Subject: File No. S7-18-21
From: FJ

December 16, 2021

I appreciate the SEC giving me, a retail investor, the opportunity to comment on the proposed rule.

The market seems to be, by design, as convoluted as possible to anyone: not directly building trading systems such as latency arbitrage, ATS etc. Anyone who does not work for a Financial investment firm or for one of the many SRO (FINRA, DTC, CTFC). It also seems, again by design, that the rules are convoluted as to aid them in essentially robbing everyday investors. All under the guise of creating liquidity, best price discovery, no fee trading etc.

Today, speaker of the United States House of Representative said that \" we are a free market economy...\" Well it sure does not feel that way. Retail traders are subject to brokers removing their ability to sell securities, buy securities. Retail traders are subject to broker who lend their cash account shares out to short sellers who then use those same shares to short the stock, thus negatively affecting retailers investments. Retail traders are subject to SRO who do not enforce the market on retail behalf but on the behalf of their members who they later go to work for. The SEC is the only link between the private market of investing and a mere of hope of sound regulation that will put bad actors in check.

Retail traders are well in need of firm regulations to improve their morale in respect to the US trading markets.

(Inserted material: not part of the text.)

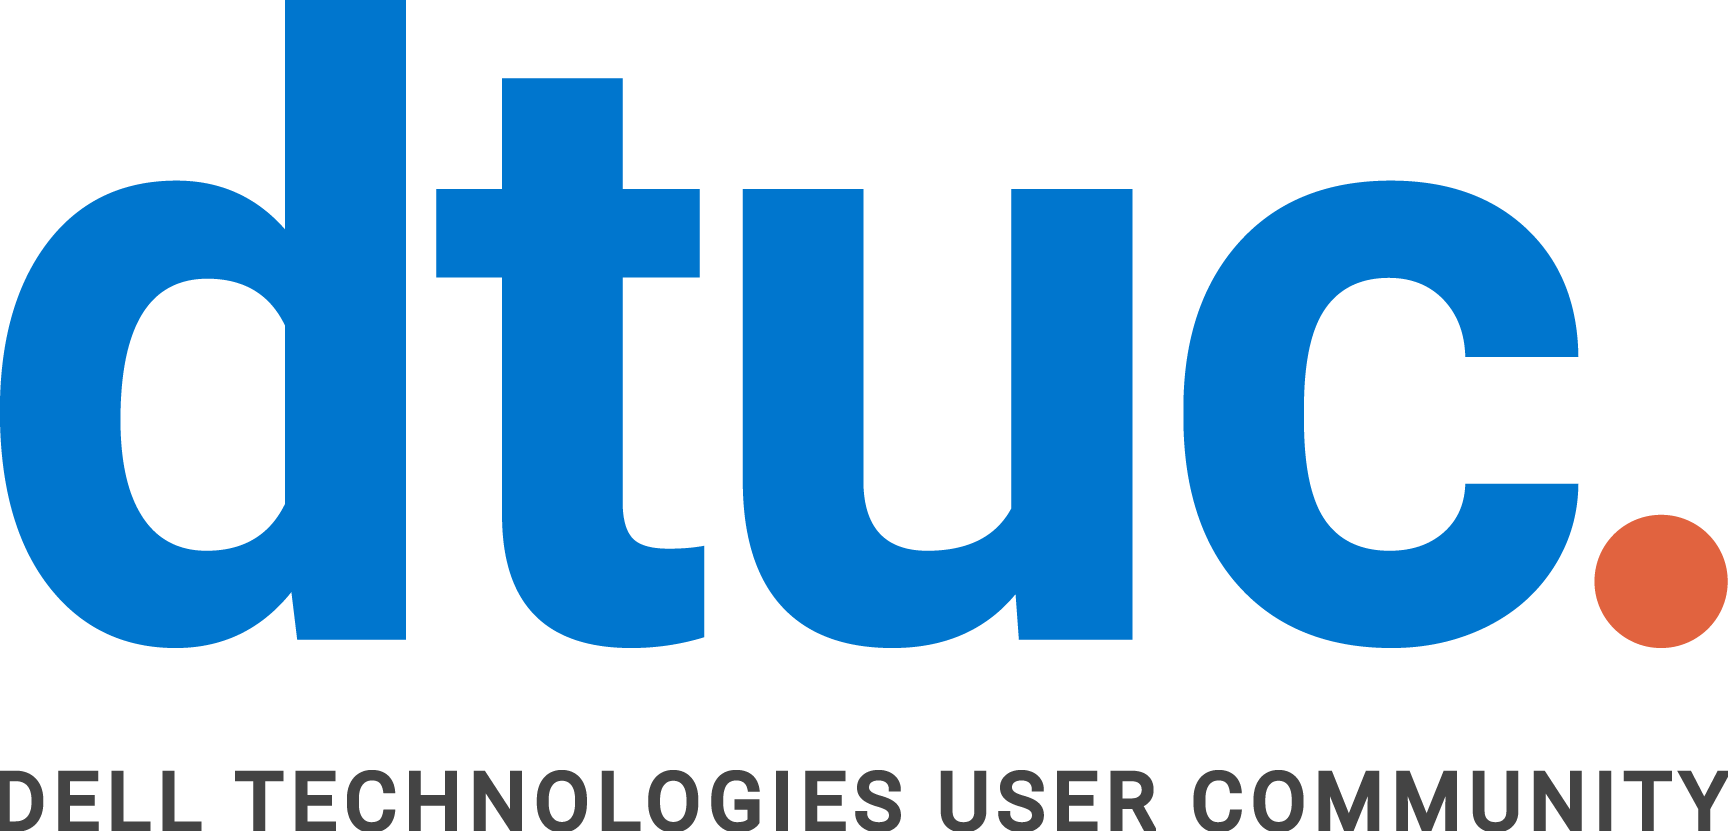 Dell Technologies User Community blue logo

The SEC should impose reforms such as:

- Releasing name of WHO is borrowing and lending shares. a change from only releasing the company name of which the shares are borrowed and lended from.

- Explicitly notify retail traders when their shares are being lent out and to whom.

- Share all revenue gained from lent Retail shares.

- Eliminate Onward lending

- Have an imposed due date for every loaned share.

Finally, it seems likely that Proposed Rule will increase cost and reporting burden of borrowing stock for any reason (cover short sales, close fail-to-deliver, access voting rights, etc.). Unintended consequence may be to tilt brokers cost/benefit analysis in favor of fails.